WHAT YOUR RESULTS MEAN
Of course you’ll feel relieved if your test reveals no mutated breast cancer gene. But remember: You may have one of the other, less common hereditary cancer syndromes or a genetic mutation as yet unidentified, or you may develop a noninherited form of breast cancer — so it’s still important to have regular mammograms and pelvic exams.
If it turns out that you do carry a mutated breast cancer gene, this does not mean that breast cancer is definitely in your future. Women with such a gene have about a 40% to 85% lifetime risk of developing breast cancer and a 15% to 40% risk for ovarian cancer. They also may be at increased risk for cancer of the pancreas or colon and/or for melanoma.
Let this information empower you to take steps to minimize your risk. Your doctor can help you decide which of the following options might be right for you…
Increased surveillance. Additional and more frequent screening tests cannot alter your risk for getting breast cancer, but they can help detect a malignancy early, when it may be most treatable. Each year, get a mammogram and breast ultrasound together… get an MRI six months later. You also may be advised to have a transvaginal ultrasound and CA-125 blood test periodically, which may help screen for ovarian cancer.
Lifestyle changes. Do aerobic exercise for at least 20 minutes three or more times each week. Limit alcohol consumption to no more than three glasses of wine weekly. Don’t smoke. Maintain a healthful diet, and work with a dietitian to lose weight if necessary. Do not take menopausal hormone therapy — it increases risk.
Chemoprevention. The oral drugs tamoxifen and raloxifene block the effects of estrogen on breast tissue.

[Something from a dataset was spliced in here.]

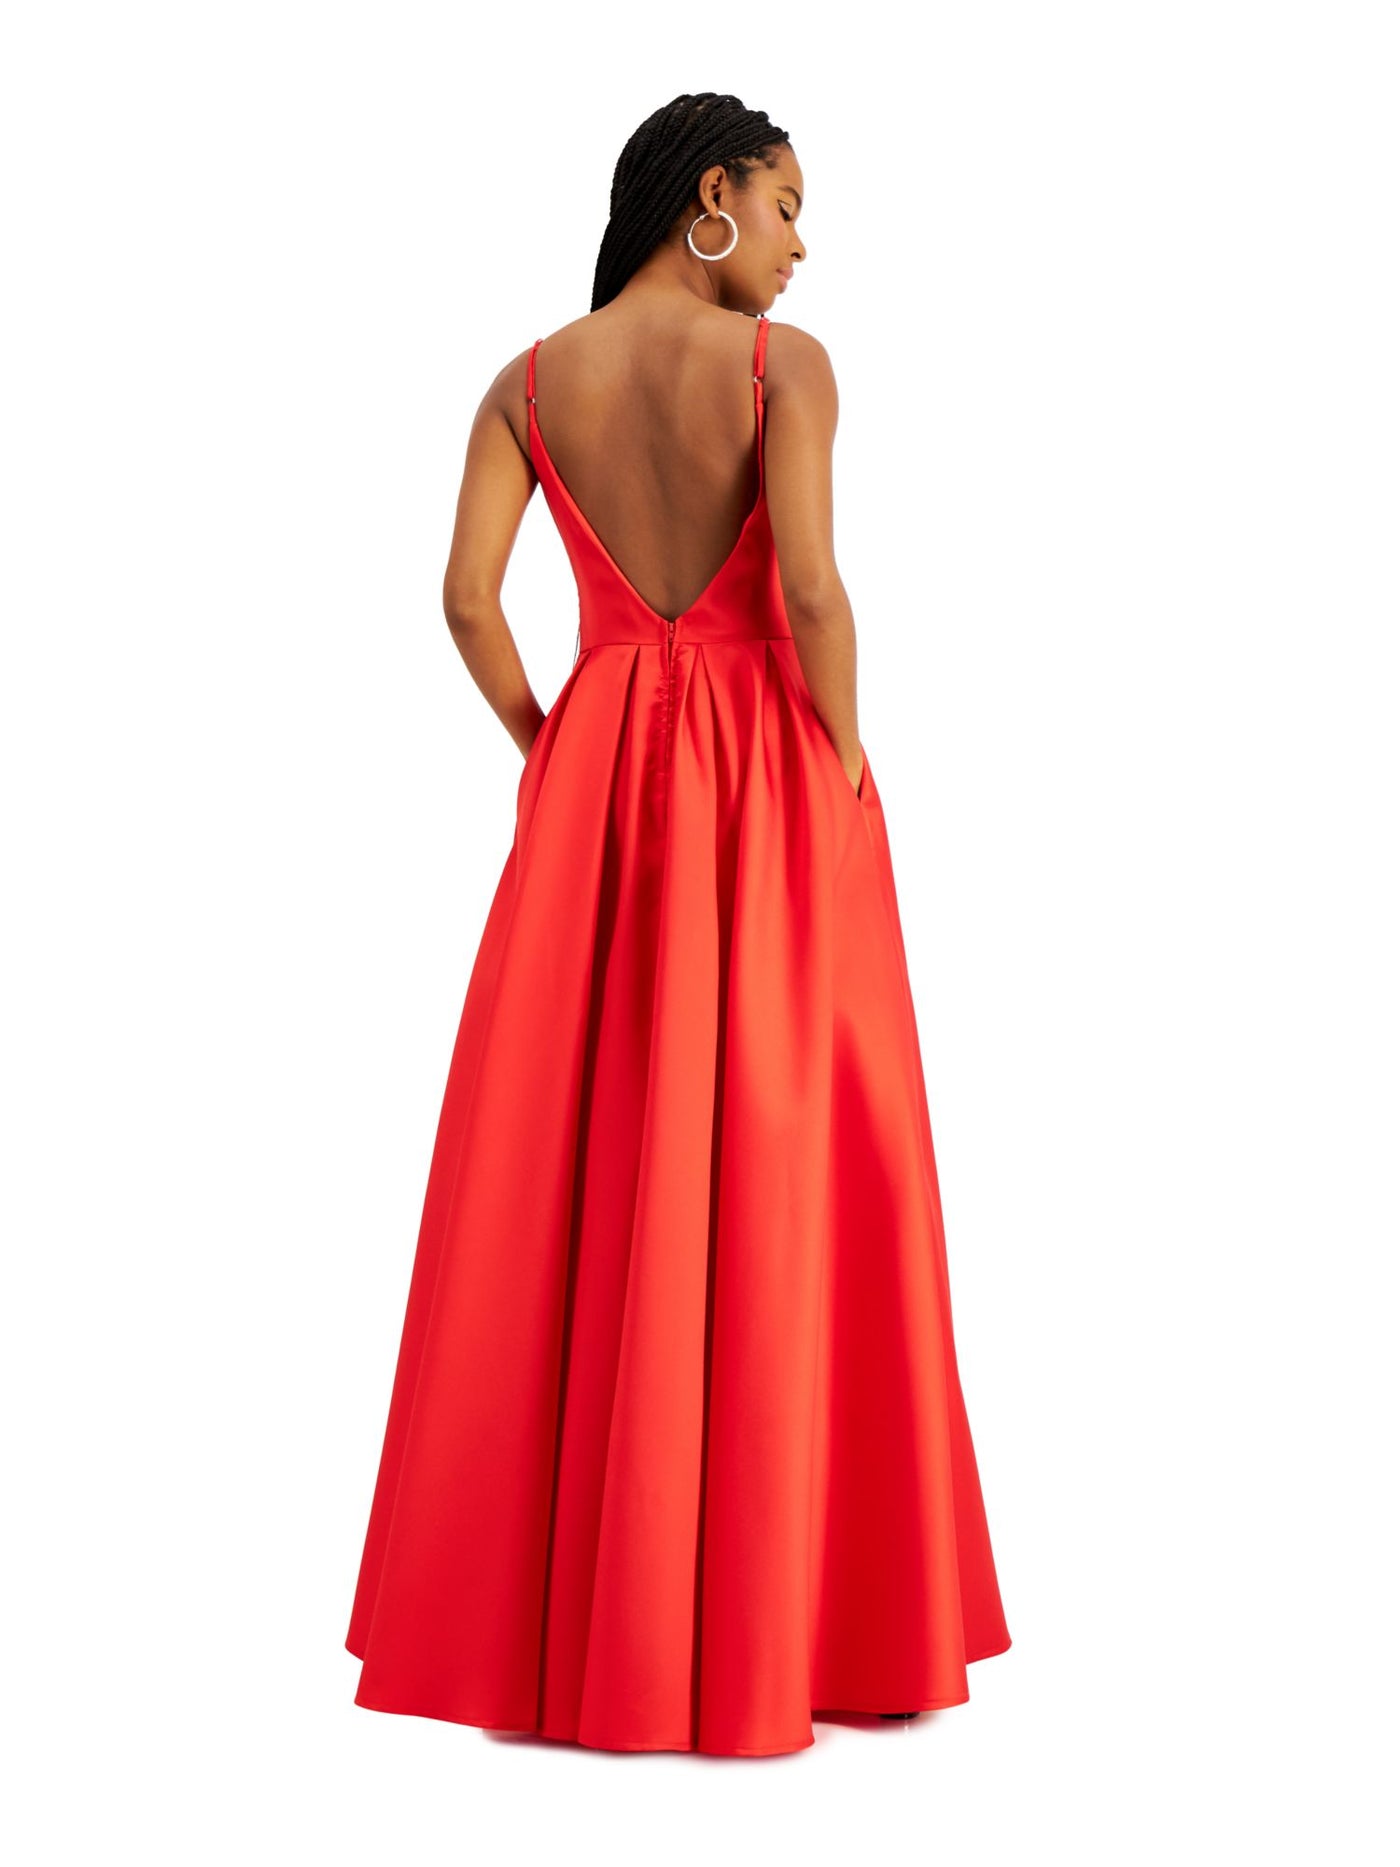 SAY YES TO THE PROM Womens Embellished Spaghetti Strap V Neck Full-Length Prom Fit + Flare Dress

Encouraging: Among pre- and postmenopausal women at increased risk, tamoxifen reduces the likelihood of invasive breast cancer by 49%… raloxifene’s protective effects are similar for women past menopause. Typically the drug is taken once daily for five years.
Important: Work with your doctor to weigh the advantages against the disadvantages. Possible side effects include hot flashes, leg cramps, joint pain and increased risk for blood clots and/or uterine cancer.
Prophylactic bilateral (double) mastectomy. This surgical procedure removes as much breast tissue as possible. It reduces a woman’s risk by more than 95% (though not 100%, since some breast tissue cells may remain). Mastectomy can be combined with breast reconstruction.
Prophylactic bilateral salpingo-oophorectomy. Surgical removal of ovaries and Fallopian tubes lowers breast cancer risk in premenopausal women by about 50% because it greatly reduces hormone production. It also reduces ovarian cancer risk by 93%. (There is still a small risk for an ovarian cancer variant that arises in the abdominal lining.) This option should be discussed with a doctor who understands the risks and knows your family-planning goals.